The veteran executive, who has worked on the company’s theme parks, experiences and consumer products for the past three decades or so, will now have the weight of the entertainment business on his shoulders.
According to people who have worked with D’Amaro, and who know him personally, he possesses two particular skills that should come in handy when he officially takes the reins next month: A sincere admiration for creativity, and a business executive’s grasp of the strategies, spreadsheets and numbers that make global companies tick.
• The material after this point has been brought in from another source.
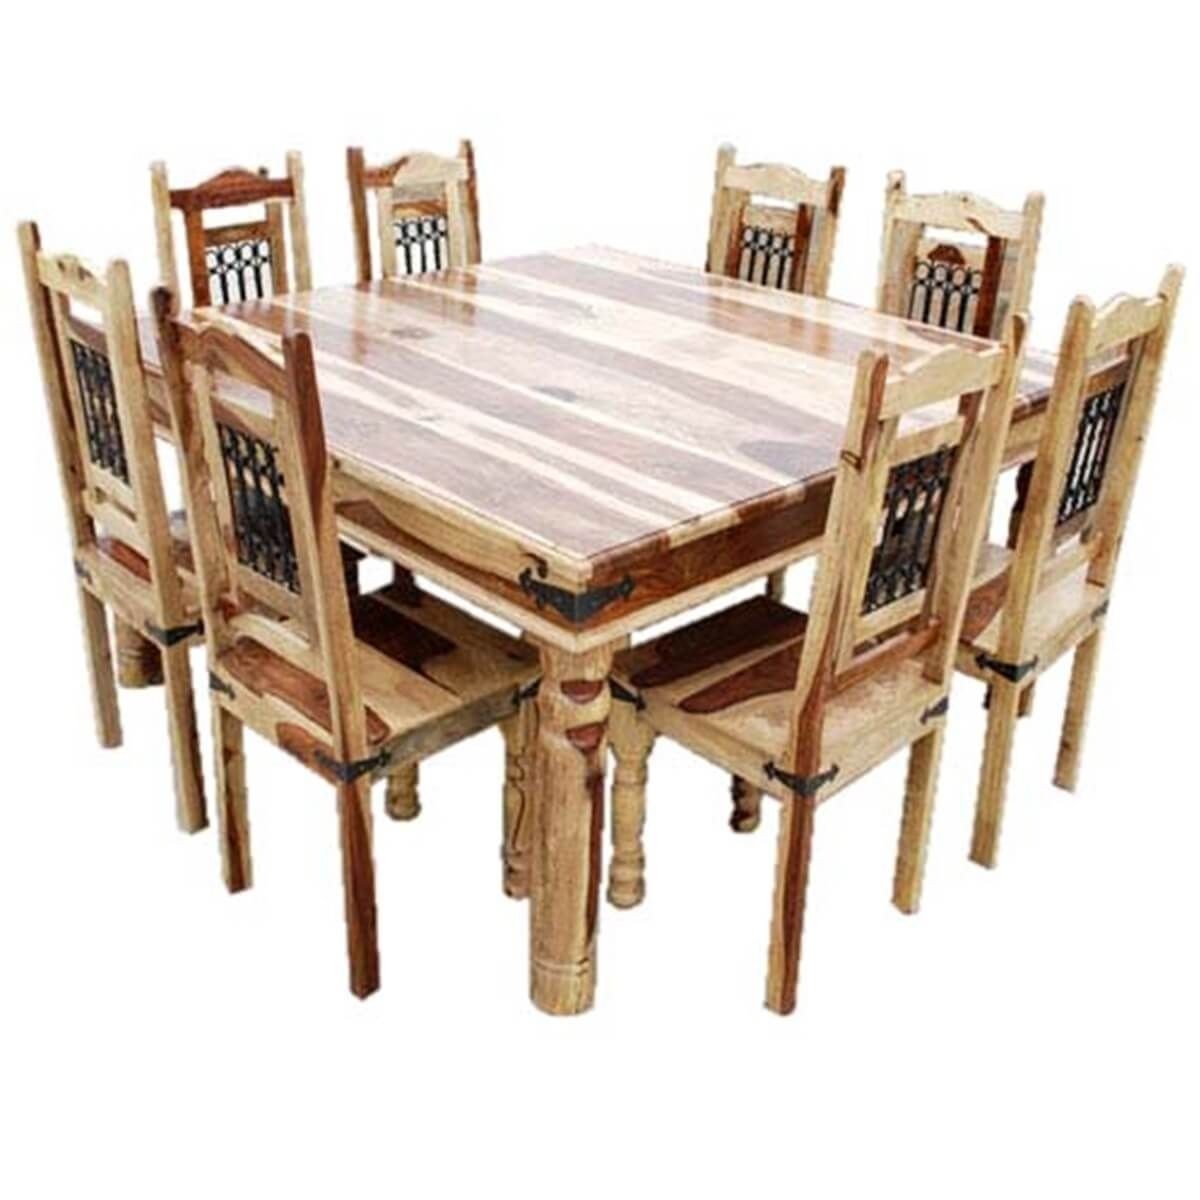 Rustic Square Dining Table And Chair Set Seat 8 Person Solid Wood Furniture

“He has exceptionally high EQ [emotional intelligence], kind of like Bob Iger, frankly, and he loves and understands and is deeply committed to the Disney brand,” says Kevin Mayer, the Candle Media co-CEO, who worked closely with D’Amaro at Disney. “He’s also a very savvy business person, he is exceptionally quantitative in his approach to business and he really can run the numbers. He’s detailed, he has a very keen eye on the bottom line, and he’s pretty strategic too.”
“Josh always had a creative streak to him. He was someone who would make me laugh. We worked on school projects together,” says Kevin Foley, the global head of capital markets at JPMorgan, who was a childhood friend of D’Amaro. “He got along well with people and had the ability to be both a team player and leader. He connected well with everyone and people would gravitate toward him.”

Josh D’Amaro and Bob Iger at a Disneyland 70th Anniversary event
Disney
D’Amaro grew up in Medfield, Massachusetts, a short drive outside of Boston. An avid athlete, he grew up playing basketball and soccer (his dad coached the teams). “It’s a small town, a tight knit community and very value oriented, with a focus on doing the right thing and working hard,” Foley recalls. “We were taught to take our academics seriously, treat people respectfully and good things would happen.”
He now lives in Orange County with his wife and kids, though Disney noted in an SEC filing that he is eligible for a relocation benefit, which suggests he could end up moving closer to the company’s Burbank headquarters. For the next fiscal year, D’Amaro is set to receive a pay package of about $38 million.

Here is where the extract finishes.